Invece quando entri e sei dentro, di colpo, nel di dentro della casa c’è di nuovo luce, anche se quella volta lì, da un angolo della prima stanza erano partiti a volare due piccioni, che ci sono spesso dentro le case abbandonate queste furiose partenze di uccelli che iniziano a volare in tondo prima di riuscire a centrare una finestra per la fuga, infatti anche quei piccioni, dopo che mi avevano quasi fatto fare un salto per lo spavento, poi mi avevano fatto due o tre giri quasi addosso prima di centrare una finestra. E dopo che gli uccelli erano andati, di colpo, comunque, tu con la luce di colpo vedevi tutto, i travi, le vecchie pareti decorate, e così via. Ma dopo tre minuti che ero dentro ero andato via anch’io, me n’ero tornato alla mia macchina, avevo acceso, e ero partito. Perché uno, quando entra in quelle case, sempre, almeno io per me è così, quando ci entri dopo un po’ ti arriva quella sensazione che quelle siano le case dei morti; che lì dentro ci siano rimasti dei morti che stanno a guardarti.

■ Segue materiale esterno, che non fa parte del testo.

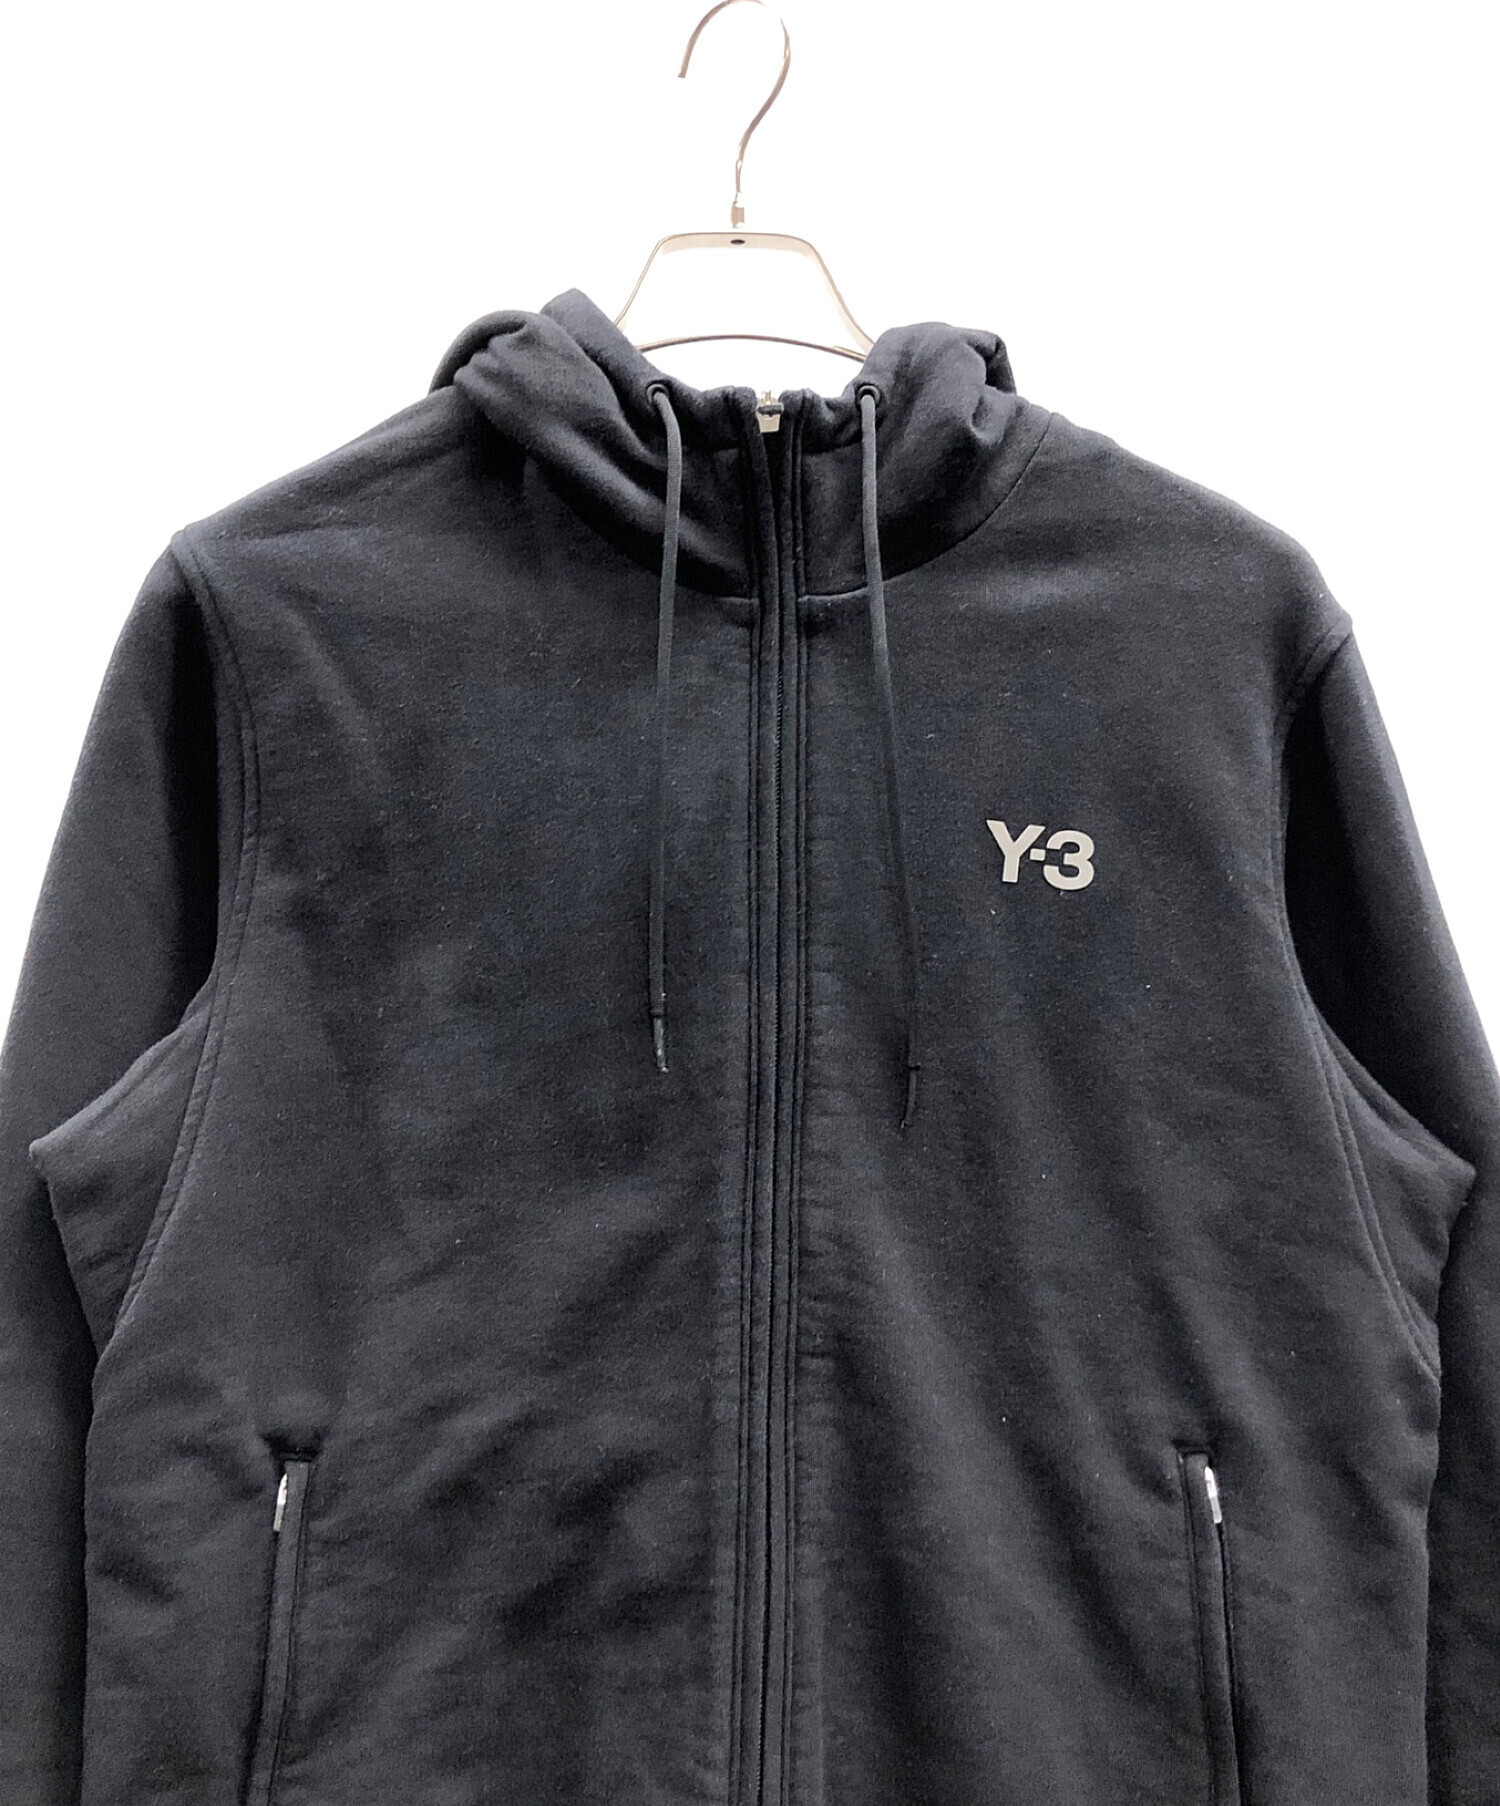 10,200円Y-3 YOHJI YAMAMOTO adidas パーカーコート

Era un po’ quella la sensazione che mi è sempre venuta stando dentro a queste case abbandonate: subito questi uccelli che ti frullano intorno le ali, due o tre giri, e vanno via. Sette secondi di sfrullamento furioso, e dopo silenzio. E dopo, nel silenzio, dei morti che ti stanno a guardare infilati negli angoli.